Anemia is one of the most common complications in patients with chronic kidney diseases (CKDs), which is associated with increased morbidity and mortality. Currently, the combination of erythropoiesis-stimulating agents (ESAs) and iron supplementation is the mainstay of treatment for anemia in patients with CKDs [1]. However, management of anemia in CKDs is still challenging, specifically for those with micro- or macroinflammation [2, 3]. So far, there is no definite treatment for renal anemia with macroinflammation.

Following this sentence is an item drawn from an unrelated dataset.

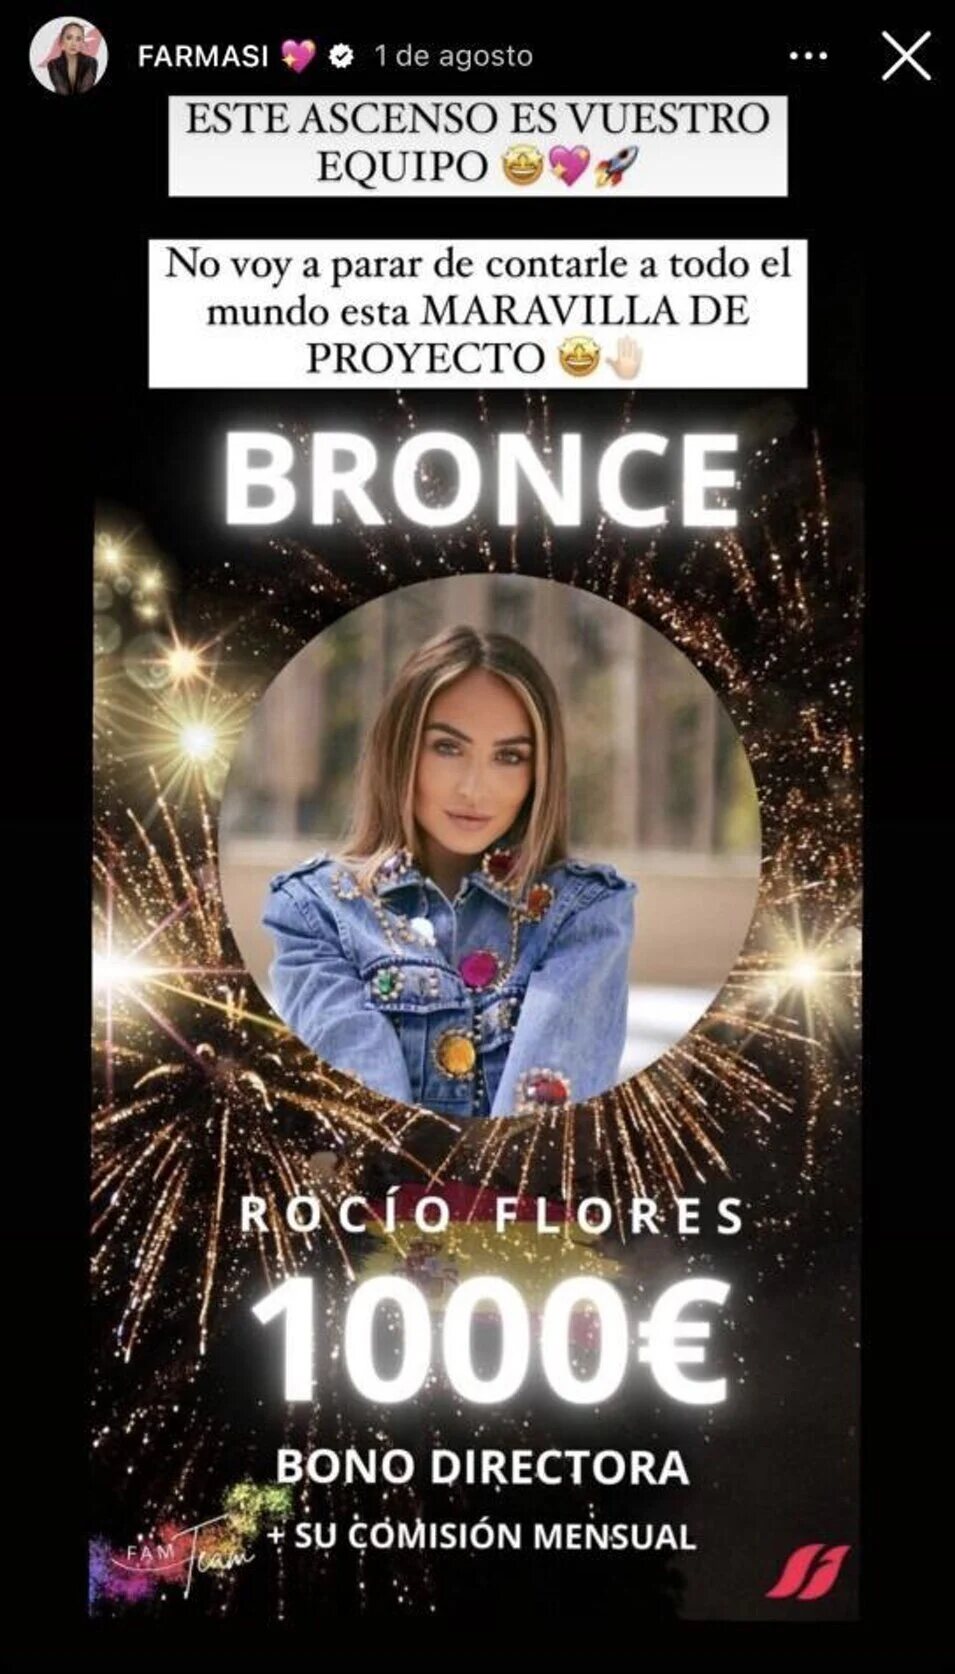 Rocío Flores promocionando Farmasi | Instagram

Inflammation or infection is one of the important complications in CKD patients, which is also a critical factor to exacerbate anemia (also referred to as inflammatory anemia) [2, 4]. In patients with CKDs, inflammation may induce a poor response to iron therapy, most likely due to reduced intestinal iron absorption and disturbed iron utilization [5]. More importantly, inflammation or infection is also associated with poor response to ESA therapy in patients with anemia in CKDs (called ESA hyporesponsiveness); therefore a higher ESA dosage is usually needed, which is subsequently associated with an increased risk of cardiovascular events and death [6]. Therefore, finding a new strategy for inflammatory anemia in patients with CKDs is an unmet need.

Roxadustat, an orally bioavailable hypoxia-inducible factor prolyl hydroxylase inhibitor that mimics the natural response to hypoxia, is a new class of drug for anemia in CKDs with a novel mechanism [7]. Roxadustat not only promotes renal and hepatic erythropoietin (EPO) expression but also improves disturbed iron homeostasis, thereby coordinating erythropoiesis physiologically [7‒9]. Therefore, roxadustat therapy represents a novel therapeutic alternative for the management of anemia in CKDs, particularly among patients with difficult-to-treat anemia.

Previous phase 3 trial indicated that the dosage of roxadustat required to maintain target hemoglobin in CKD patients with microinflammation was not impacted [10]. These data suggested that roxadustat may potentially become a useful therapeutic option for the treatment of anemia with inflammation in patients with CKDs. However, its exact effect on anemia with macroinflammation is yet to be confirmed. Here, we reported our recent findings that roxadustat could improve anemia in CKD patients with systemic inflammation based on a retrospective cohort study.

Study Design

This was a single-center, retrospective cohort study of roxadustat for the treatment of anemia in patients with CKDs, which was conducted at Zhong Da Hospital, Southeast University (ChiCTR2200065159, WHO ICTRP). The study was reviewed and approved by Zhong Da Hospital, Southeast University (2019ZDSYLL193-P01).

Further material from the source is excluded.